Wahl recalls the exhilarating sense of making history and that women have learned the hard way that those holding power never share it until it becomes politically necessary to do so.  She chuckled over the local comic strip, Sally Forth, which shows the girl, Hilary, at Halloween admiring her costume of a black robe in the mirror.  She says to her mother, who holds the witch’s hat in her lap, “Oh put away the hat, I'll just go as a Supreme Court Justice.”  She concludes, "Such evidence of increased participation is sweet, even though what I and others have experienced as dramatic leaps ahead are, in a larger perspective, only the slow erosion of individual and institutional sexism. . . . Women with access to power and status must not allow this to separate them from their knowledge of what it means to be female in this society.  Certainly every woman of accomplishment owes it to another woman to reach out and assist her growth and aspiration.  We are responsible, socially and individually, for helping other women achieve their desired goals.  Thus, in our own sphere, we work for the election or appointment of women judges to the bench."

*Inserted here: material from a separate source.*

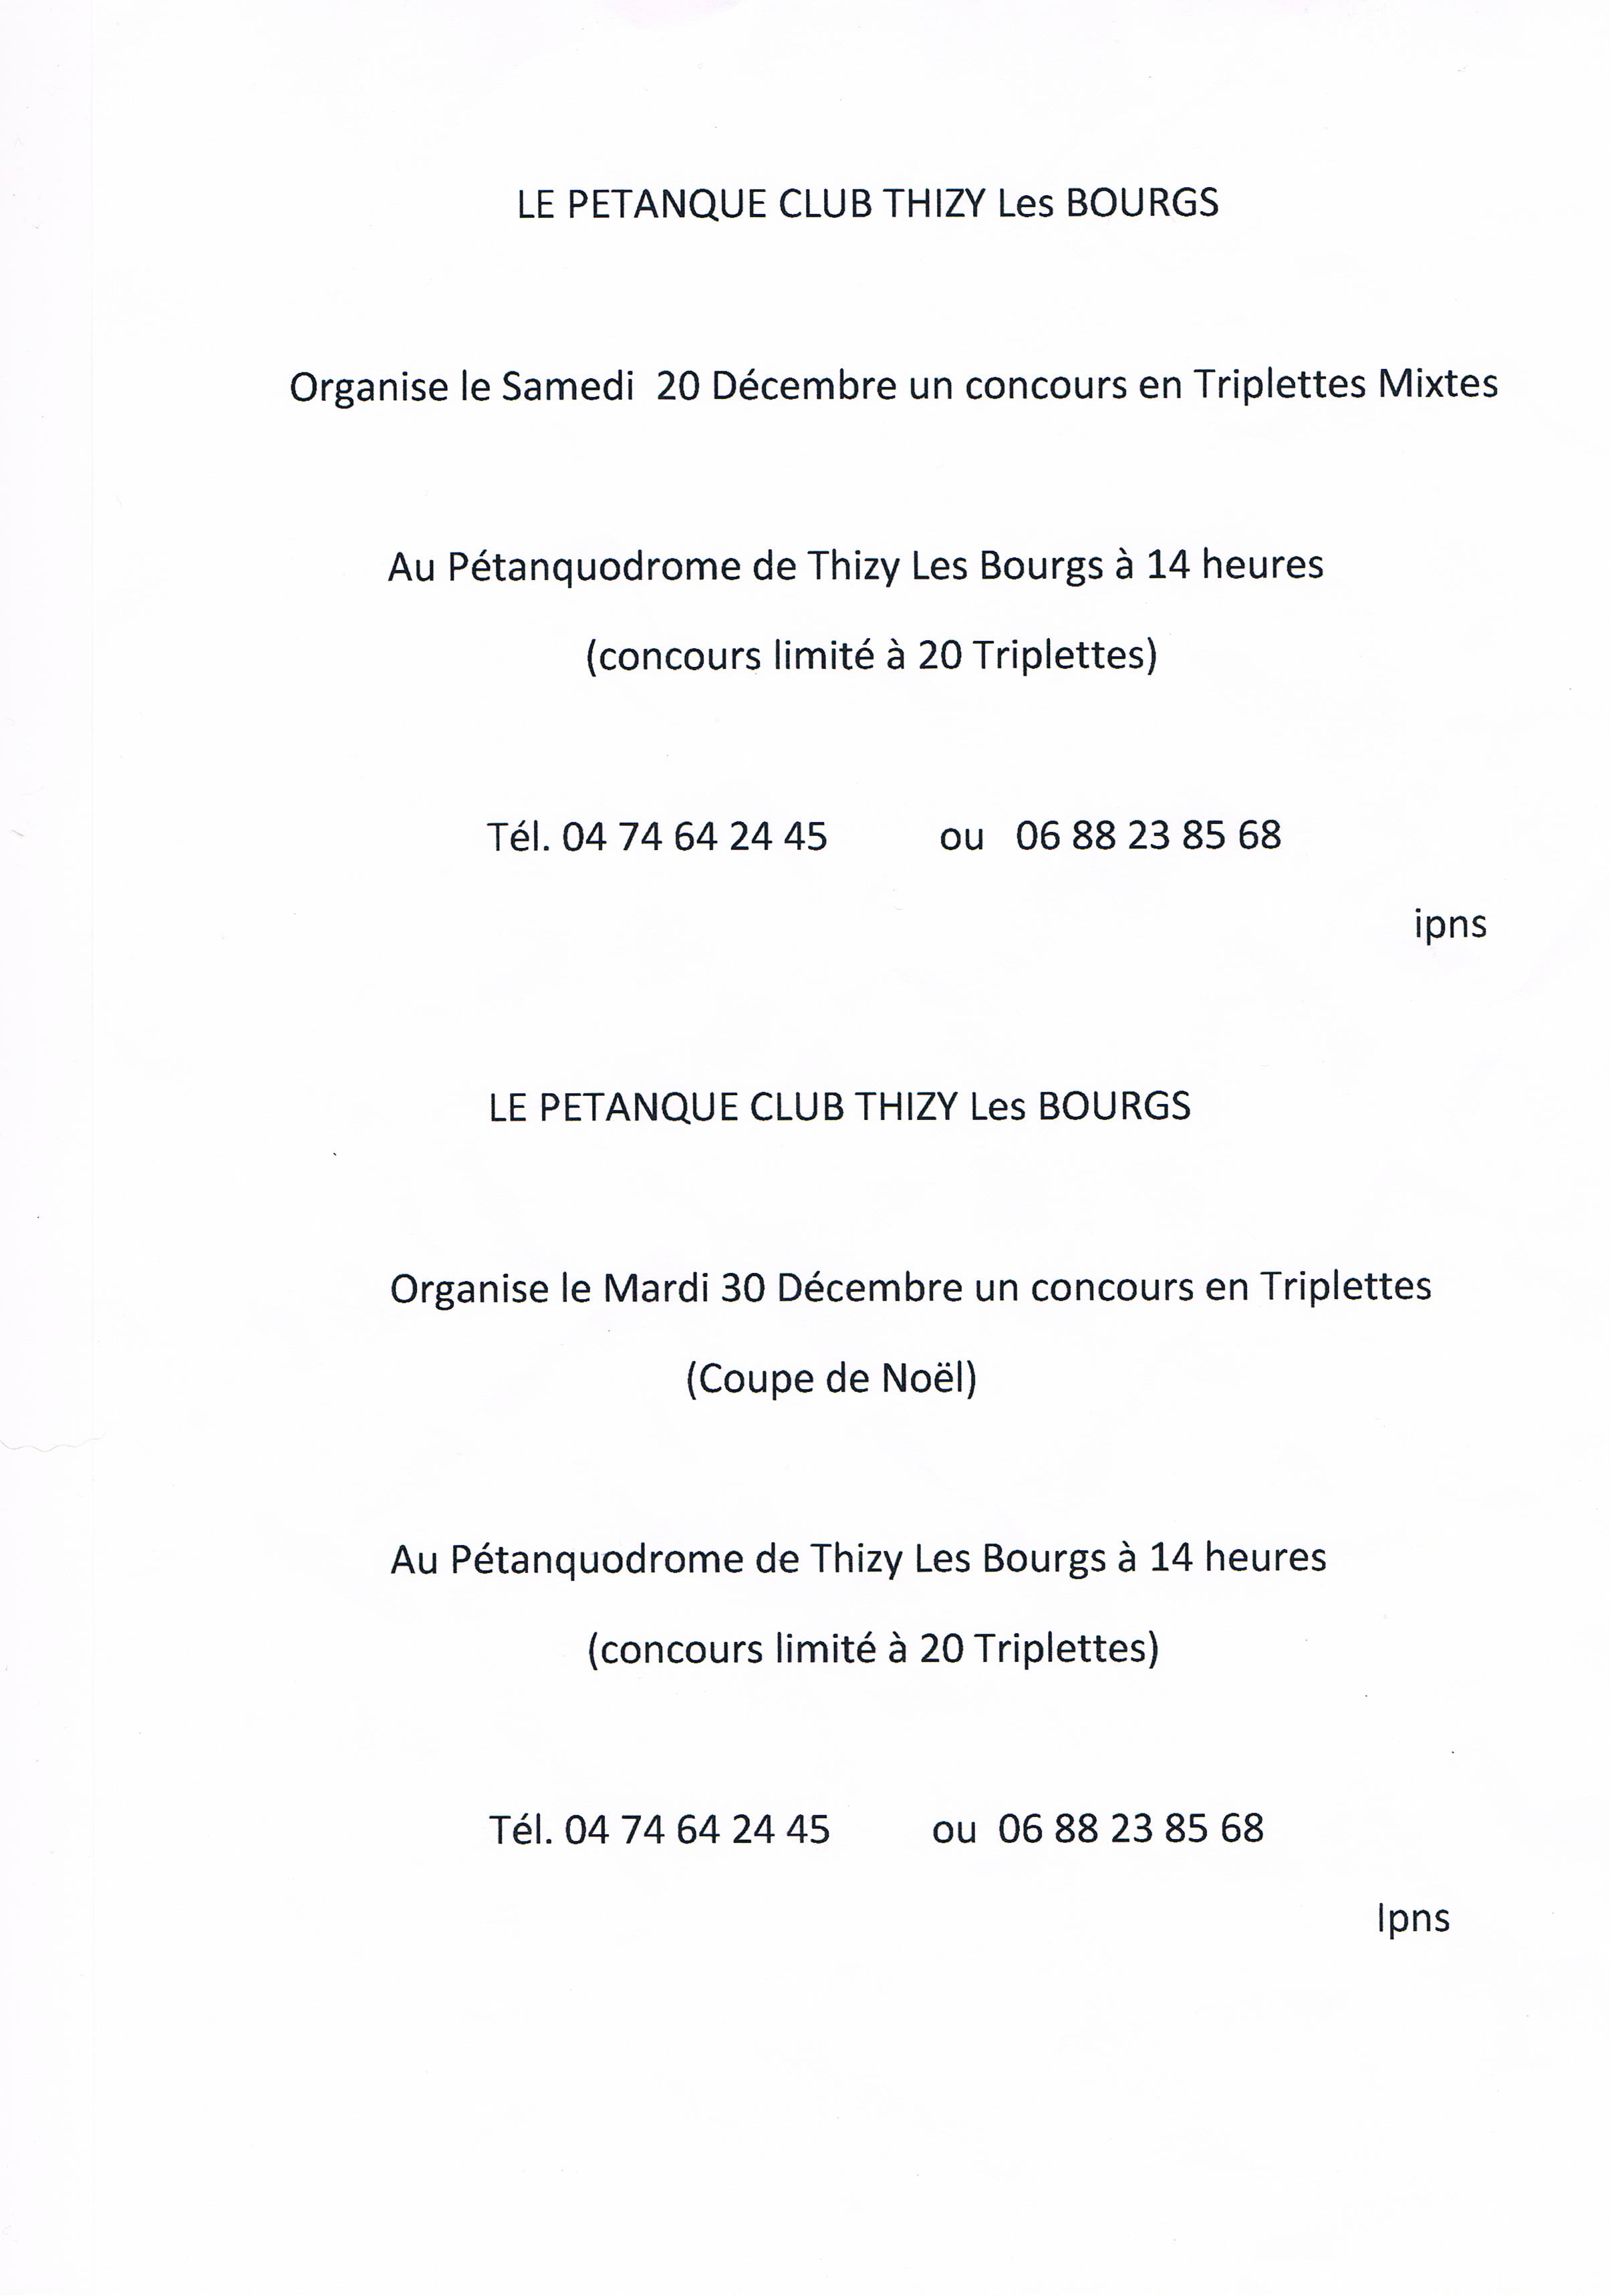 Concours du pétanque club de Thizy-les-bourgs  coupe de noël 2014

Wahl served on the court until her retirement in 1994. She remained active in the community, regularly attending meetings from the Minnesota Women’s Consortium to Minnesota Women Lawyers, raising money for groups such as Leaders of Today and Tomorrow that encourages college-aged women to aspire to political leadership positions, and actively protesting the war in Iraq.

She died on July 22, 2013, at the age of 88.

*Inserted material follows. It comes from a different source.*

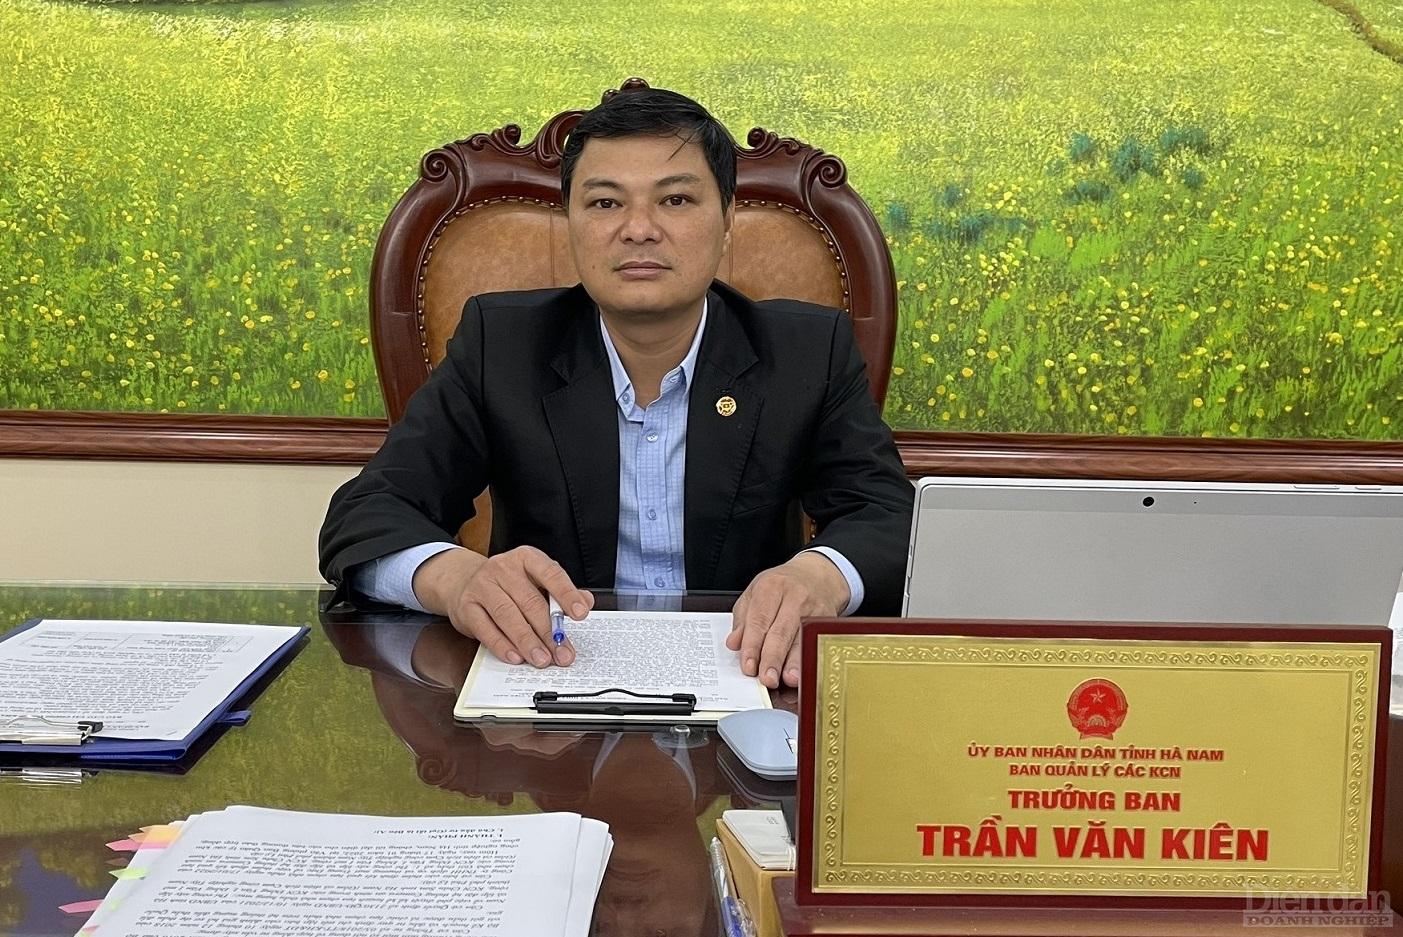 Ông Trần Văn Kiên, Trưởng ban BQL các KCN tỉnh Hà Nam

Supreme Court Chief Justice Lorie Gildea issued a statement on the death of former justice Wahl:

"Rosalie Wahl was a trailblazer for our state, both as a lawyer and as the first woman to serve on the Minnesota Supreme Court. While on the court she led efforts to address both gender fairness and racial bias in our state's justice system. She will be remembered with fondness and respect for her unwavering commitment to the principle of equal justice for all." In an interview with Peter Shea done in 2003 she talks about her post-retirement role as a "public citizen," including her work as a peace activist.

The Minnesota Historical Society published Minneapolis Star Tribune columnist Lori Sturdevant's book, Her Honor: Rosalie Wahl and the Minnesota Women's Movement, in 2014.

Nina Tottenburg narrates Emily Hoddad's documentary film about Wahl entitled, "The Girl from Birch Creek."

Stanford University Law Library's ABA Trailblazers project holds an interview of Wahl by Cara Lee Neville.